Hoje, contudo, a situação está mais difícil ainda: o poder político está refém, como nunca, de gente sem rosto e de outra
bem conhecida que não tem qualquer pejo em recorrer à pressão e à chantagem, ameaçando empurrar as nações para a
“insolvência”, interferindo, dessa forma, na negociação. Sempre que podem, tentam contorná-la, dando por adquirido o
que deveria ser apenas proposta. Assim, impõem estreitíssima margem negocial ao patronato e margem zero ao poder
político.
Uma nota final:
Ouvimos, no dia 1, Sarkozy afirmar que os Sindicatos deveriam deixar cair as suas bandeiras e servir o país – é este o
conceito de concertação e acordo social que tem, neste momento, boa parte dos governantes europeus. Para os
Sindicatos, embarcarem nesta desvario seria aceitarem assinar pacto com o diabo. As bandeiras que Sarkozy quer que
os Sindicatos deixem cair são os direitos dos trabalhadores; aquilo a que estes governantes chamam país, são os seus
interesses políticos. E ele acrescentava que era contra a luta de classes porque era pela França. Tentava, com este
discurso, puxar pela ideia do “somos todos iguais”, não há explorados ou exploradores, já não há luta porque acabaram
as classes… afinal, é este o espírito dos que baniram do vocabulário laboral “patrões” e “trabalhadores”, resumindo tudo
a “colaboradores”.
Uns mais liberais, outros mais sociais-democratas, mas todos sob o fogo do poder económico, representado pelo FMI, e
do centro de poder neoliberal sedeado em Bruxelas, as políticas não se distinguem muito, sendo o estilo a principal
diferença detetável. Neste quadro político, económico e social o espaço para um pacto social é praticamente inexistente.
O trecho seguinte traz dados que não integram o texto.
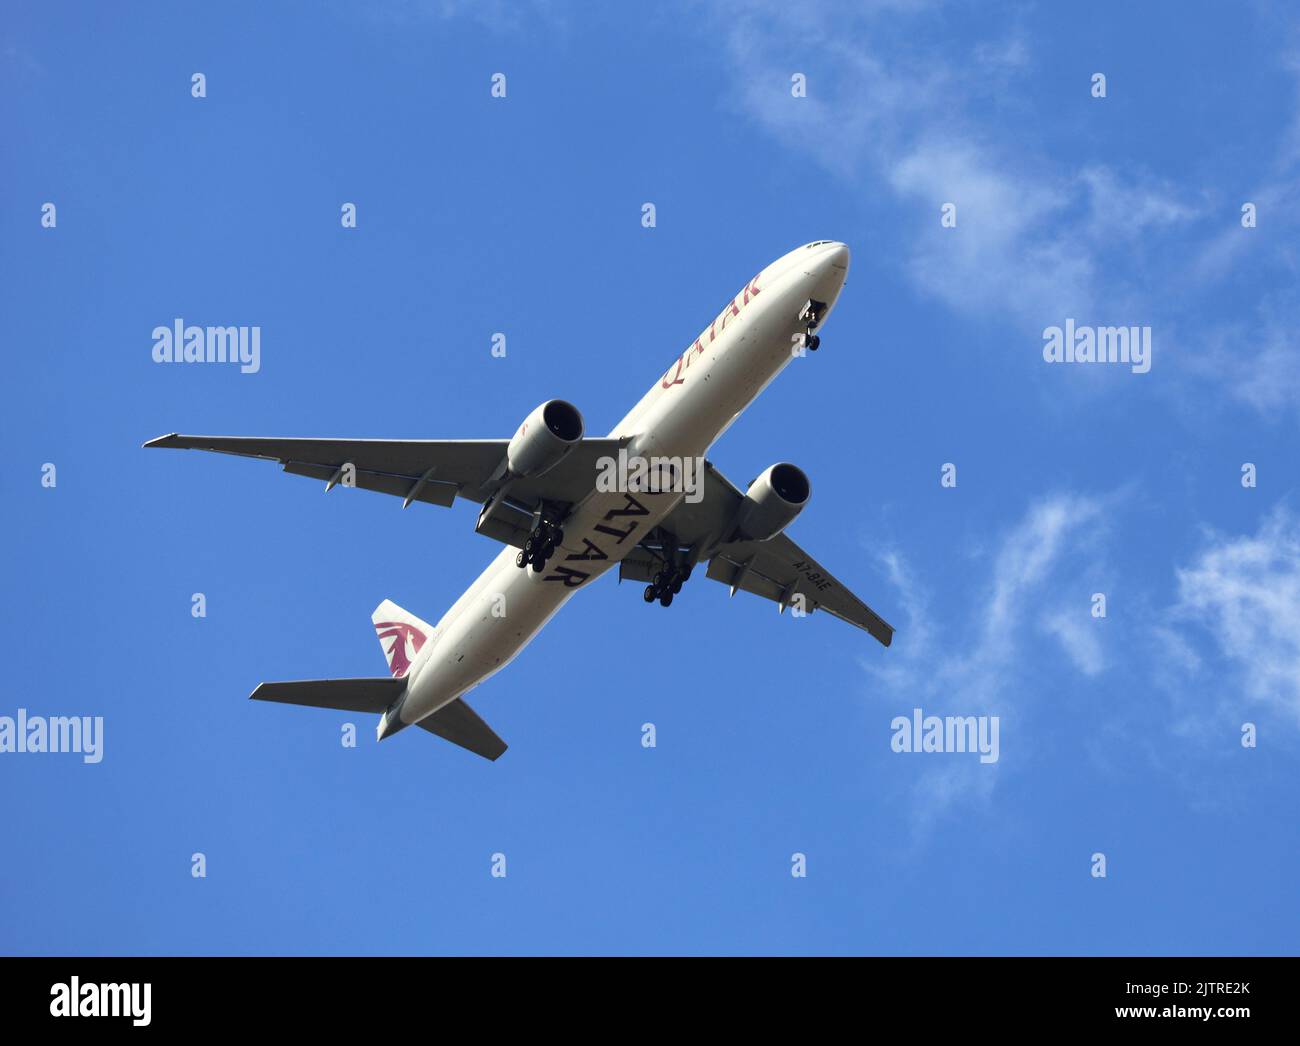 Passagier-Jet-Flugzeug, das direkt oben in einem klaren blauen Himmel fliegt Stockfoto

Aos trabalhadores cabe pugnar, lutando, pelos seus direitos, com a certeza que, cada um que for perdido, será de difícil
recuperação. Aos Sindicatos compete saber interpretar o descontentamento e a indignação de quem representam,
construir percursos alternativos e lutar por soluções de mudança que contribuam para uma sociedade justa, solidária e
inclusiva. Nos tempos que correm, de tanta descrença, de tanto desânimo, de tanta falta de confiança, aos Sindicatos
cabe transformar desespero em esperança e isso não conseguem juntando-se aos responsáveis pela situação e
legitimando as suas intenções. Não é esse o papel dos Sindicatos e não é isso que deles esperam os trabalhadores.
É certo que, com a luta, podemos não ganhar, mas perderemos sempre sem ela. E também há a honra e a dignidade e
essas não se vendem nem se oferecem. De pé será possível garantir direitos, de cócoras, na melhor das hipóteses,
conseguiremos esmolas. Os Homens e as Mulheres afirmam-se de pé!